Internationalization

Multilingual support in OERSI

Add new language

For adding a new language to the OERSI, we need to extend the frontend-labels, the vocabularies and the multilingual search. Please create a new Issue in sidre-frontend for this with title Add translation into <YOUR-LANGUAGE>

Frontend-Labels

OERSI-internal:

  • Create a language.json inside of the new folder. Can be created via get-language-labels.py (uses Wikidata).
  • In all existing translation.json: add HEADER.CHANGE_LANGUAGE-entry for the new language. Please use the new language as label for all existing files.

Vocabularies

The ttl-files of all vocabularies used by OERSI needs to be extended: there needs to be an additional entry in the skos:prefLabel for the new language for every skos:Concept-entry.

Example:

skos:prefLabel "Softwareanwendung"@de, "Software Application"@en, "TRANSLATE ME"@<YOUR-NEW-ISO639-1-CODE> .

Vocabularies:

external contributers: Please attach these files to your Merge-Request/issue.

OERSI-internal: Please create a PullRequest directly in the corresponding github-repositories.

SIDRE-internal: we need to add the new language to the Synonyms-process (example-file and/or automatic-process). For this: add the new language code to the ansible-variable internationalization_tool_search_index_output_languages.


Experimental / under development


We implemented a first, experimental feature to include translations of the OERSI keywords into other languages in the search. It can be activated via config in sidre-setup. Then, for example, the results of a search for a German keyword will also include the results of the English/Spanish/French/… keyword.

A tool (internationalization-tool) provides the translations of the keywords (based on Wikidata-translations). From these translations a synonym file for elasticsearch is generated, which can be included in the configuration. An example for such a synonym file can be found here.

The feature can be enabled or disabled via toggle (ansible-variable search_index_features_use_synonyms in all.yml). If you change this configuration, the mapping will be adjusted and the index will be reindexed automatically by the setup.
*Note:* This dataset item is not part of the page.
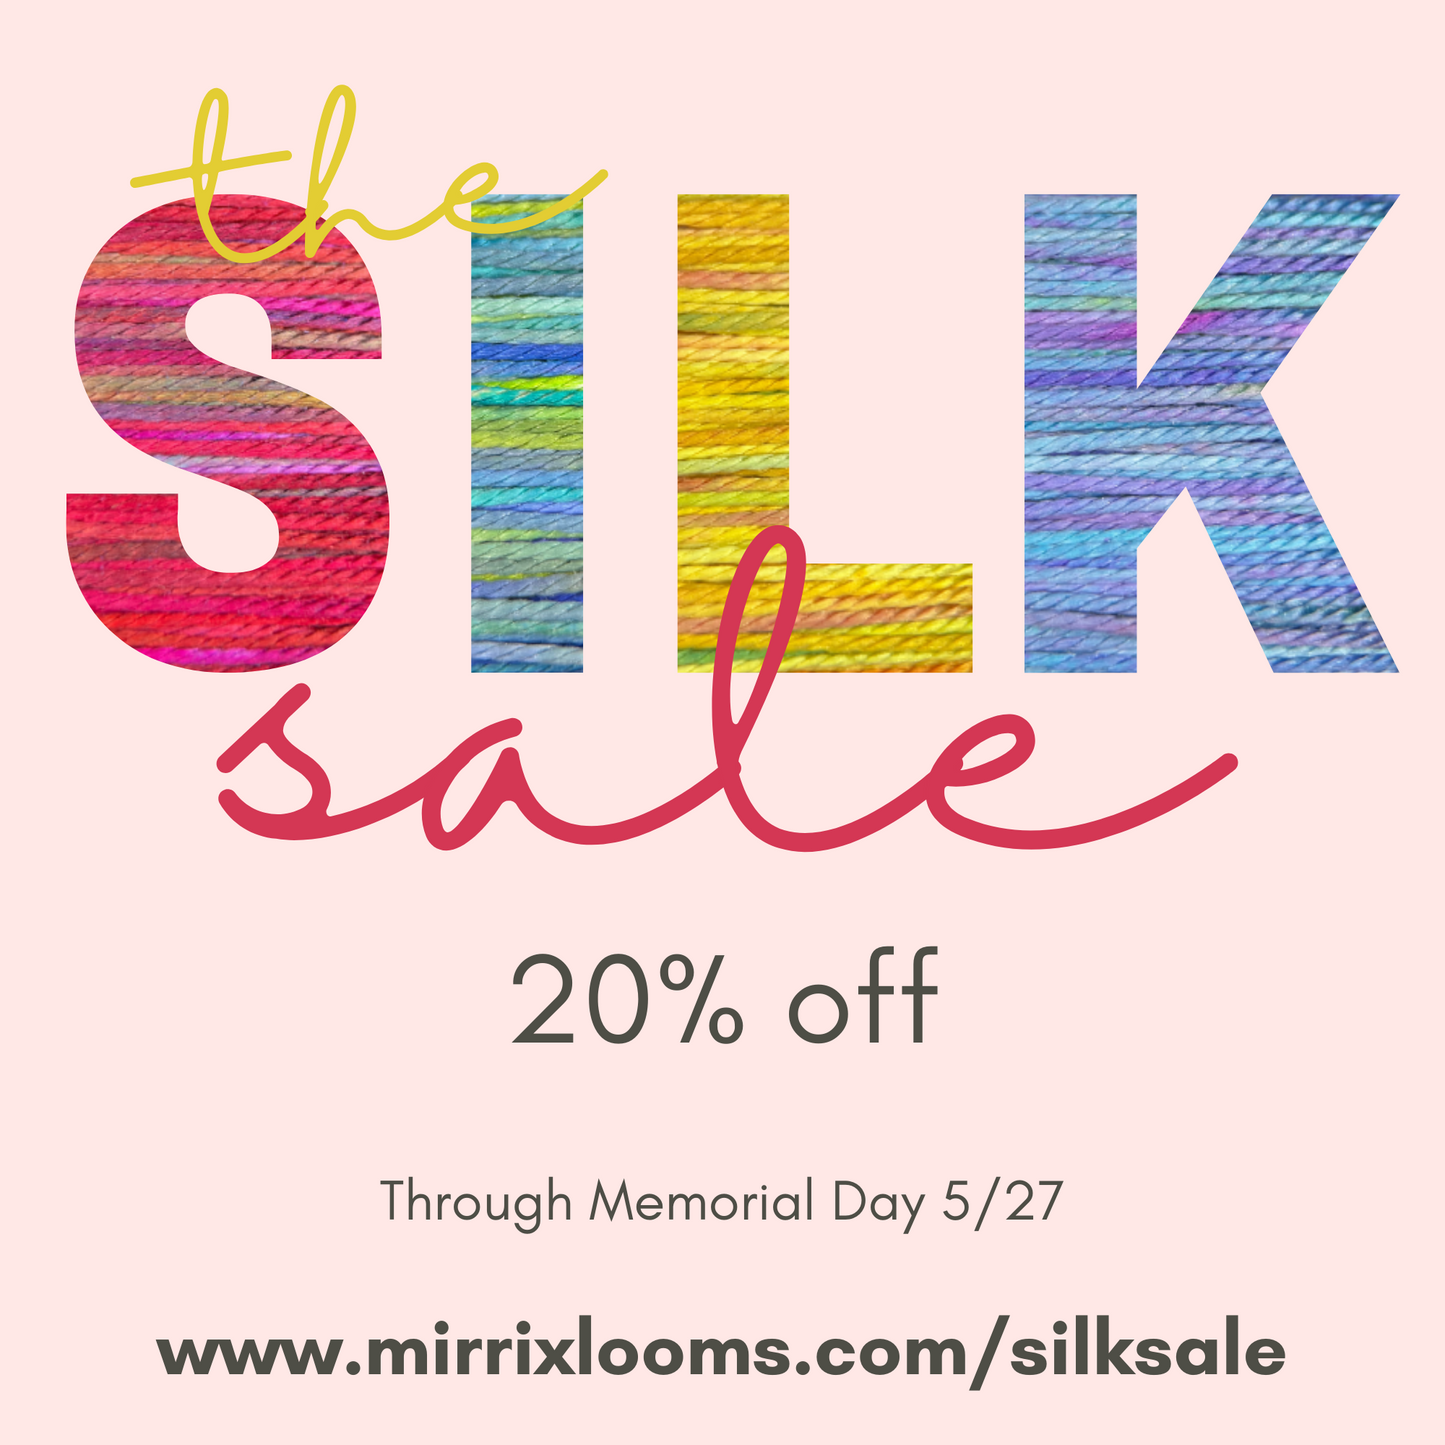 The Silk Sale

The synonym file will be placed in the OERSI configuration directory (usually ~/conf) and have the filename synonym.txt (this will be linked into the Elasticsearch-config-dir by the setup). For testing purposes, the sample file can be used in the first phase of the feature development (set elasticsearch_synonyms_file: "synonyms-example.txt" and it will be copied by ansible). So, the following configuration will enable the feature using the example file:

search_index_features_use_synonyms: true
elasticsearch_synonyms_file: "synonyms-example.txt"
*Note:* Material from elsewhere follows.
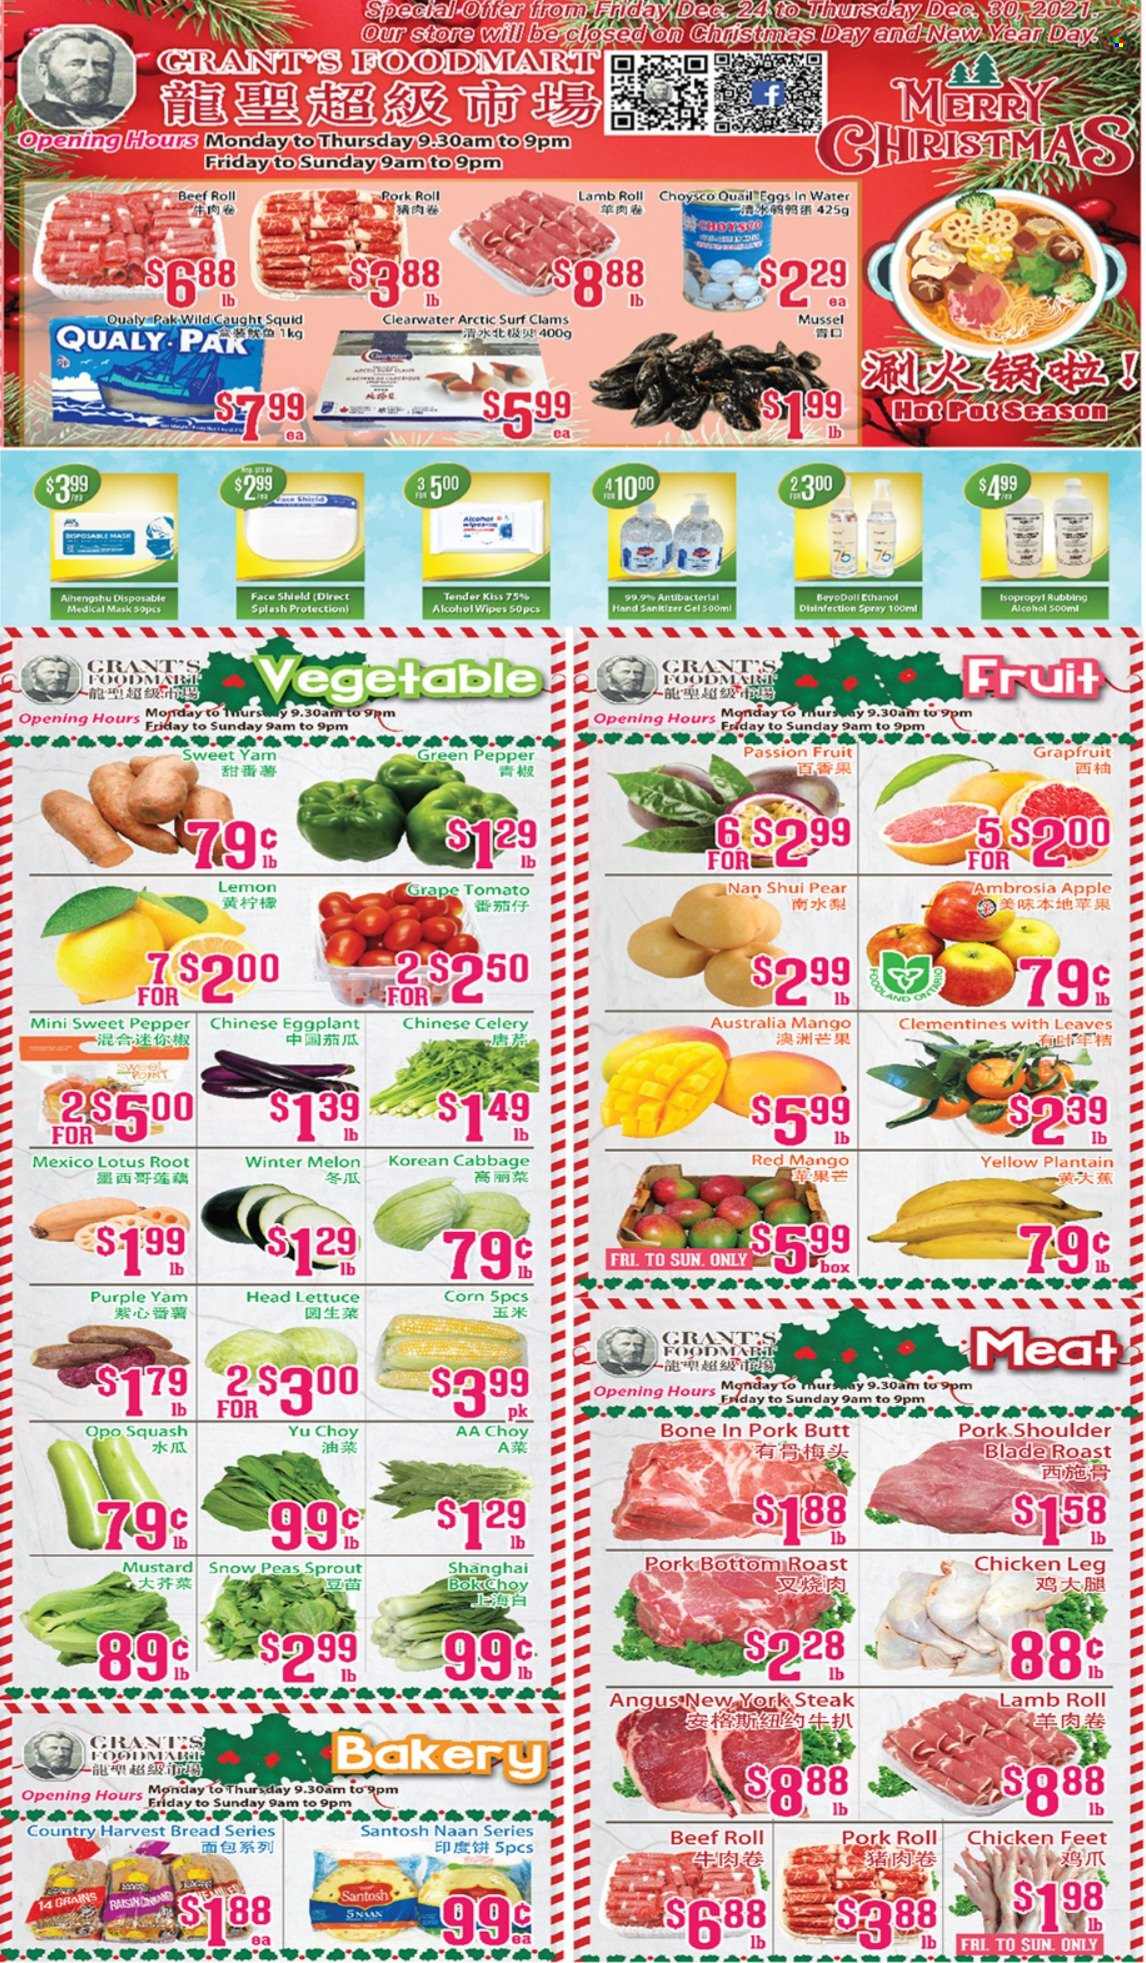 thumbnail - Circulaire Grant's Foodmart - 24 Décembre 2021 - 30 Décembre 2021 - Produits soldés - clémentines, melon, steak, Lotus. Page 1.

For now, the tool has to be activated separately. So, the following configuration will enable the feature using automatic keyword-translations via the translation-tool:

search_index_features_use_synonyms: true
internationalization_tool_install: "{{ search_index_features_use_synonyms }}"

The synonyms are included during the Elasticsearch search (not during indexing). If there are changes to the synonym file, then the search analyzers need to be reloaded so that the changes are taken into account in the search. This can be done with the help of the script reload-search_analyzer.sh.